そんなクレアの持っている剣を熱心に観察していたエディスン先生は、何やらつぶやいて剣に触れる仕草を何度かにわけてする。その度にエディスン先生の触れた部分が淡く輝いた。
「ふむ、なるほど」
「エディスン先生、何かわかりましたか?」
俺の問いにエディスン先生が首を縦に振った。
「私は剣の専門家ではないのではっきりとしたことはわかりませんが、この剣自体は非常に精巧に作られた剣なのだと思います。特に魔力伝導率は非常にいい。かつて、ライナスという人間とユージ君が、この剣を使って光の剣というものを出したのもうなずけます」
そうだよな。その真銀製長剣のおかげで、ライナスは光の剣を制御できたんだ。
「しかし、言い方を変えるとただの優れた剣でしかない。少なくとも、魔法による特殊な加工はしてありません」
「つまり、どういうことですか?」
剣を手にしているクレアが、真正面にいるエディスン先生に質問した。
「この剣が原因でユージ君は長い眠りについたわけではないし、剣の外へ出た後に消滅したわけでもないということですよ」
「原因は師匠にあるということですか」
アリーがちらりとこちらを見つつ口を開く。エディスン先生はそれに対して頷いた。
「ねぇ、ユージ。あんた、魔王との決戦のときに、魔力を一気に解放したって言ってたわよね。解放した後のあんたって、どうなったの?」
「そんなのわからないよ。魔力がなくなったことなんて今までなかったし、あのときは意識を失ったから、その後はどうなったのかなんて確認しようがない」
ジルの質問に俺は困惑しながら返答する。前世の時から魔力ゼロの状態っていうのを試したいと思ったことはあった。でも、その後、自分がどうなるのかわからないので実際に試したことはない。
「確かベラ殿は、守護霊だったユージを『限りなく精霊に近い霊体』と評していましたわね」
「魔力が尽きると精霊は精霊界に戻ります。そうなると、ユージも魔力が尽きればこの世界に止まれないのですか?」
「『限りなく精霊に近い霊体』ということは、基本的に私と同じということですよね。ですから、魔力が尽きてもこの世界に止まれることはできるかもしれません」
オフィーリア先生、レティシアさん、それにエディスン先生の話を聞いて、俺はぞくりと寒気を感じた。確かにその可能性は考えたことがある。
「ということは、魔力を出し切った霊体のユージが、力尽きて剣の中で気絶したってこと? それで二百年も寝ちゃうものなの?」
かつての俺の状態を簡単にまとめたらジルの言う通りになる。ただ、どうしてもそうなった原因がわからないから推測の域を出ない。

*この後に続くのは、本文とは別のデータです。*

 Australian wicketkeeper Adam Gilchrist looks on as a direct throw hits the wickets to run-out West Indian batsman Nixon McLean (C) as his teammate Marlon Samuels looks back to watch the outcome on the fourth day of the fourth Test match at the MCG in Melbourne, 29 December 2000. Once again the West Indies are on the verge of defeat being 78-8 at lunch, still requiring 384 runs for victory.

「先ほど、トーマス先生は真銀製長剣には魔法による特殊な加工は施されていないとおっしゃいましたわよね。そうなりますと、魔王との戦いの後もユージが剣に止まったのは、その剣のおかげではないのかもしれませんね。『限りなく精霊に近い霊体』とはいえ、やはり霊体なので魔力なしでもこの世界に止まれる可能性は高いですわ」
「お婆様、それでは師匠がその後二百年も眠り続けたのはどうしてですか?」
アリーの質問にオフィーリア先生は困り顔で小首をかしげる。確かにこれも謎だよな。
「案外単純なことで、たまたま気絶していただけなのかもしれないわね」
「それで二百年も眠り続けるのか。霊体というのは厄介だな」
クレアの思いつきを聞いたアリーは天を仰いで呆れた。俺もクレアの意見を聞いて苦笑したけど、次の瞬間、あることに気づいた。

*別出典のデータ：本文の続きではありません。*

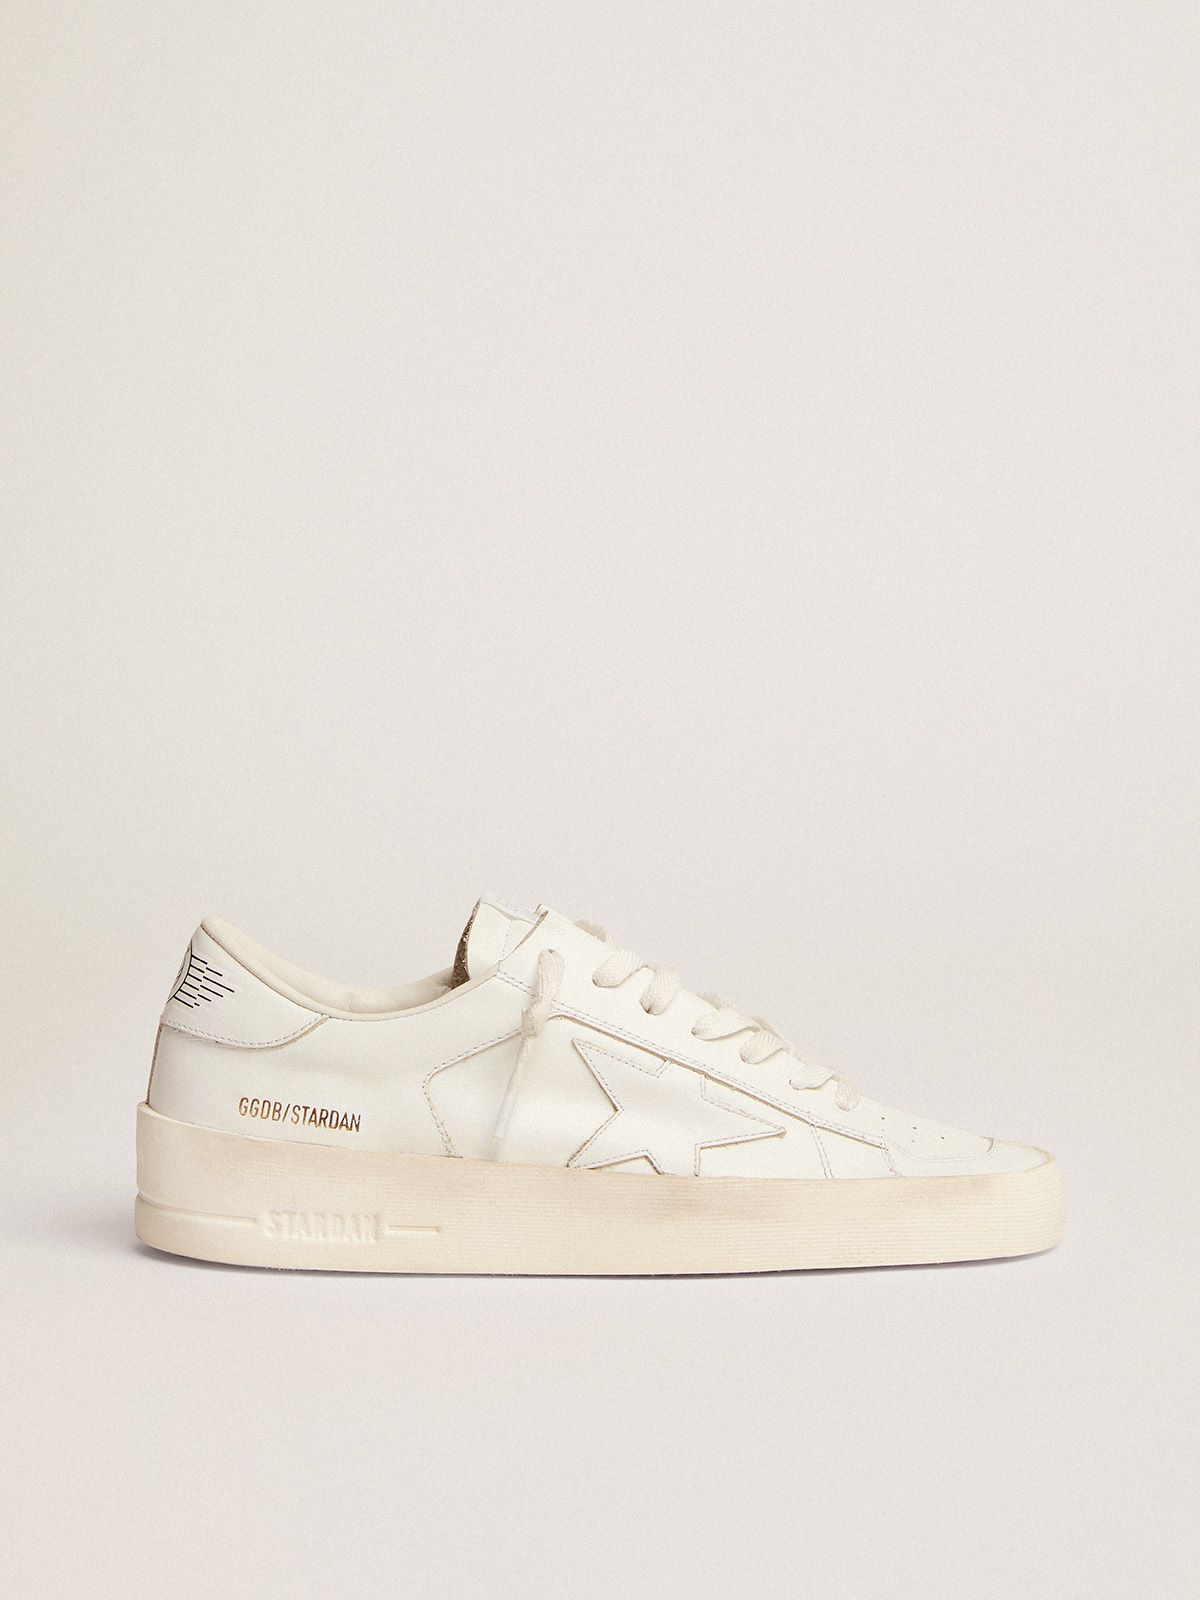 golden goose white in Stardan leather sneakers total

「エディスン先生。そういえば、霊体って睡眠は必要ないですよね? というより、眠ることができないじゃないですか。そうなると霊体の意識をなくしている状態って、どんな状態なんですか?」
今まで前世の俺が意識をなくしていたときの状態を『眠っている』と便宜上言っていたけど、厳密にはそもそも霊体は意識をなくすことができない。なのに俺は二百年も意識がなかった。これは一体どういうことなのだろうか。
「それは確かにおかしいですね。私もすっかり見落としていました」
エディスン先生が真剣な表情で考え込む。この辺りに何か手がかりがありそうな気がするな。
「霊体だったユージにとっての魔力というのは、この世界に存在をとどめておくためのものではなく、意識を失わないようにするためのものということですか?」
「それじゃユージが二百年も寝てたのは、起きるための魔力が必要だったってこと?」
レティシアさんとジルが顔を見合わせてお互いに疑問をぶつけ合っている。なんだかわかったようなわからないような話だな。
「他に不思議なことと言えば、どうして目覚めた後に剣から抜けたら転生したかね。魔力が充分にあるのに、霊体のまま存在できなかったのはおかしな話よね」
「まるで転生するために魔力をため込んでいたみたいだな」
そうだな、クレアとアリーの言ったことも気になる。結局俺は、どんな状態だったんだろうな。
この後も色々とみんなで話し続けたが、納得できる原因や理由は出てこなかった。
「これは、再びベラ殿の魔法書を読んだ方がいいですね」
「生命を操る研究をされていましたから、何か手がかりがあるかもしれませんわ」
最終的には、ベラの魔法書を読んでいるエディスン先生とオフィーリア先生に調査してもらうことになった。急いで知る必要のないことなので、のんびりと結果を待つとしよう。